LAPD want to crack down on civilian drones after police station incident
Los Angeles police officials say they may have to set boundaries on hobbyist drone use because local ordinances are vague and federal regulators are unlikely to to put clear-cut rules in place anytime soon.
“It’s just a quagmire … we’re really on some pretty unstable ground” on private, civilian drone use, said Lt. Phil Smith, a commander in the LAPD’s air suport division. “It’s quite ironic for us because we can’t fly them because we know about the rules.”
The Federal Aviation Administration has strict rules for where and how law enforcement agencies can use drones on the job and guidelines for how they can be used in private businesses. Those rules have been called into question by a recent court ruling.

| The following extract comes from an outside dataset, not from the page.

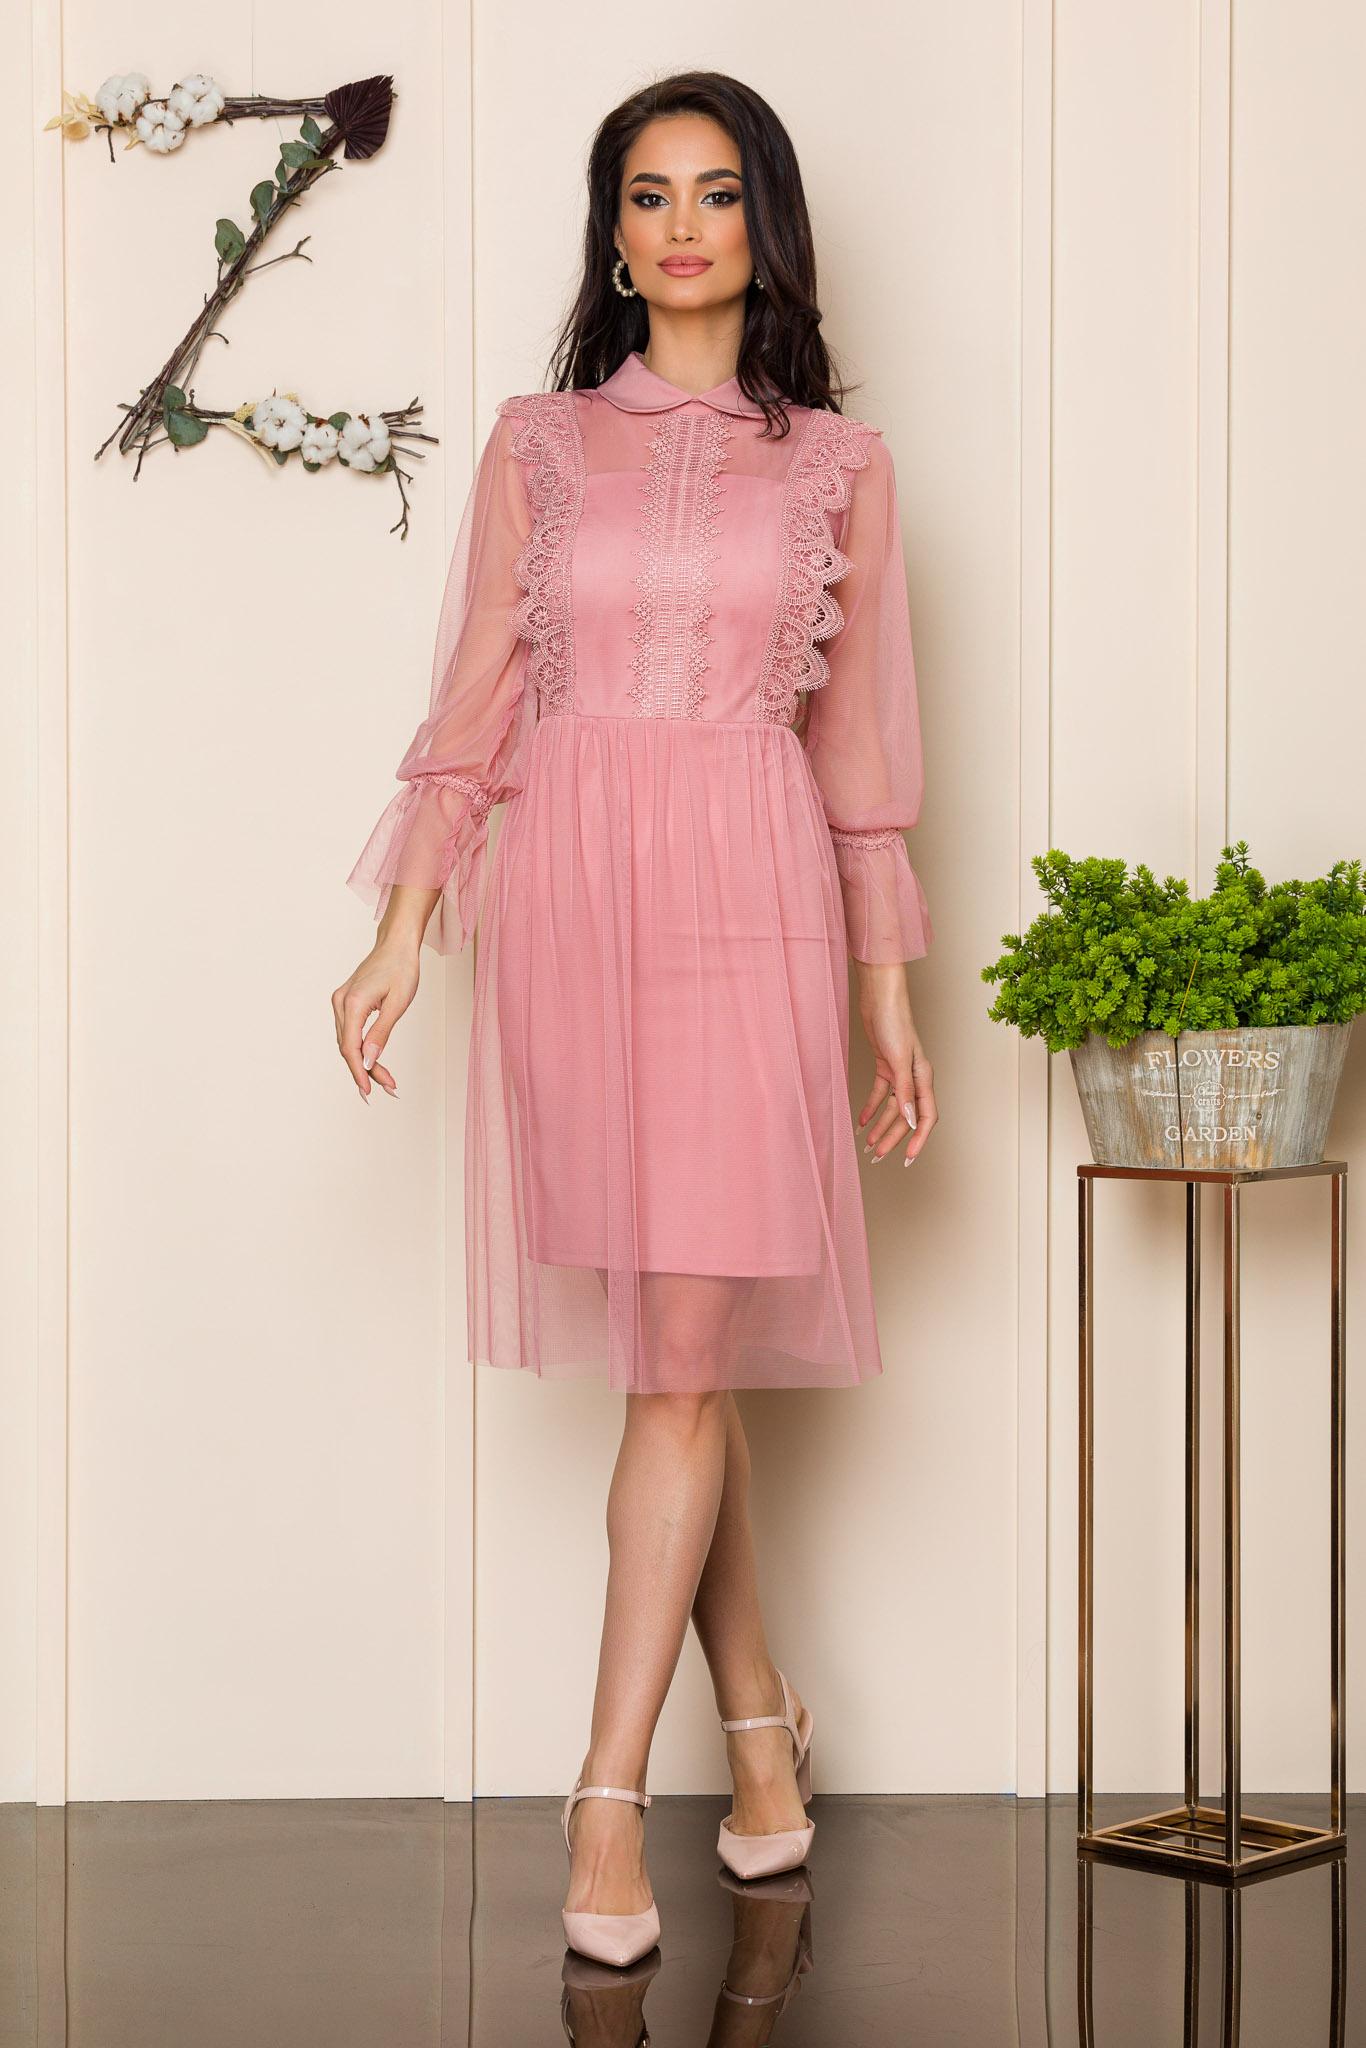 rochie de ocazie rose cu tull 2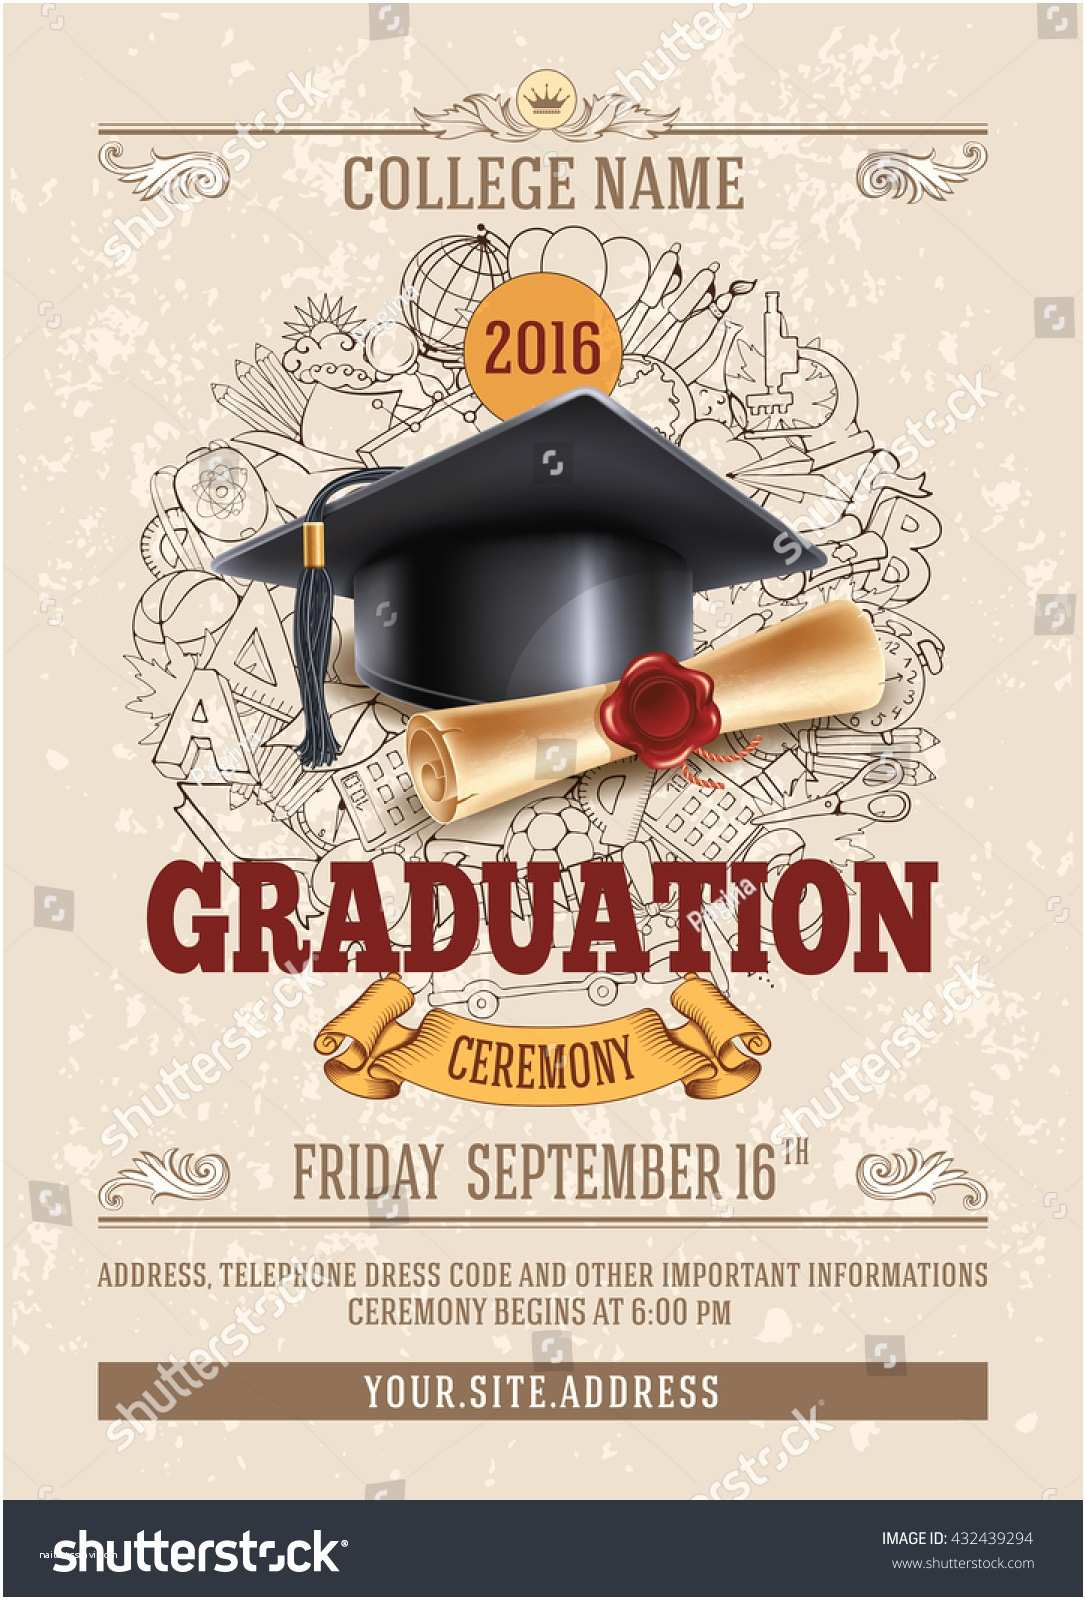 Graduation Ceremony Invitation Invitation Card Graduation Ceremony Choice Image

But there are virtually no laws on the books regulating where everyday hobbyists can fly the small devices, an issue police are increasingly having to contend with.
Last week, a South Bay man who routinely films police activity flew his quadcopter drone directly over the LAPD’s Hollywood division parking lot and recorded officers going to and from their squad cars and other cruisers entering and exiting the parking lot.
When confronted about it, he pointed out he was safely and legally standing on the public sidewalk. Police suggested they could arrest him for trespassing because the drone was in an area closed to civilians, but upon further examination, LAPD officials told the Los Angeles Times, it wasn’t that simple.
In another incident, a man flew his drone just above the heads of revelers outside Staples Center after the Kings won the Stanley Cup championship.
Police said they were also concerned about how paparazzi could use them to peer into celebrities’ backyards or onto closed film sets, an issue that could be considered an invasion of privacy.
“It’s such new territory and as far as that [Hollywood] incident, there’s really no legal teeth to enforce,” said Lt. Alex Vargas of the LAPD’s Hollywood division.
Department officials said they planned to lead a push that would involve the city attorney’s office and city officials to update local laws -- perhaps pertaining to peeping Toms and trespassing -- to include language specifically addressing drones.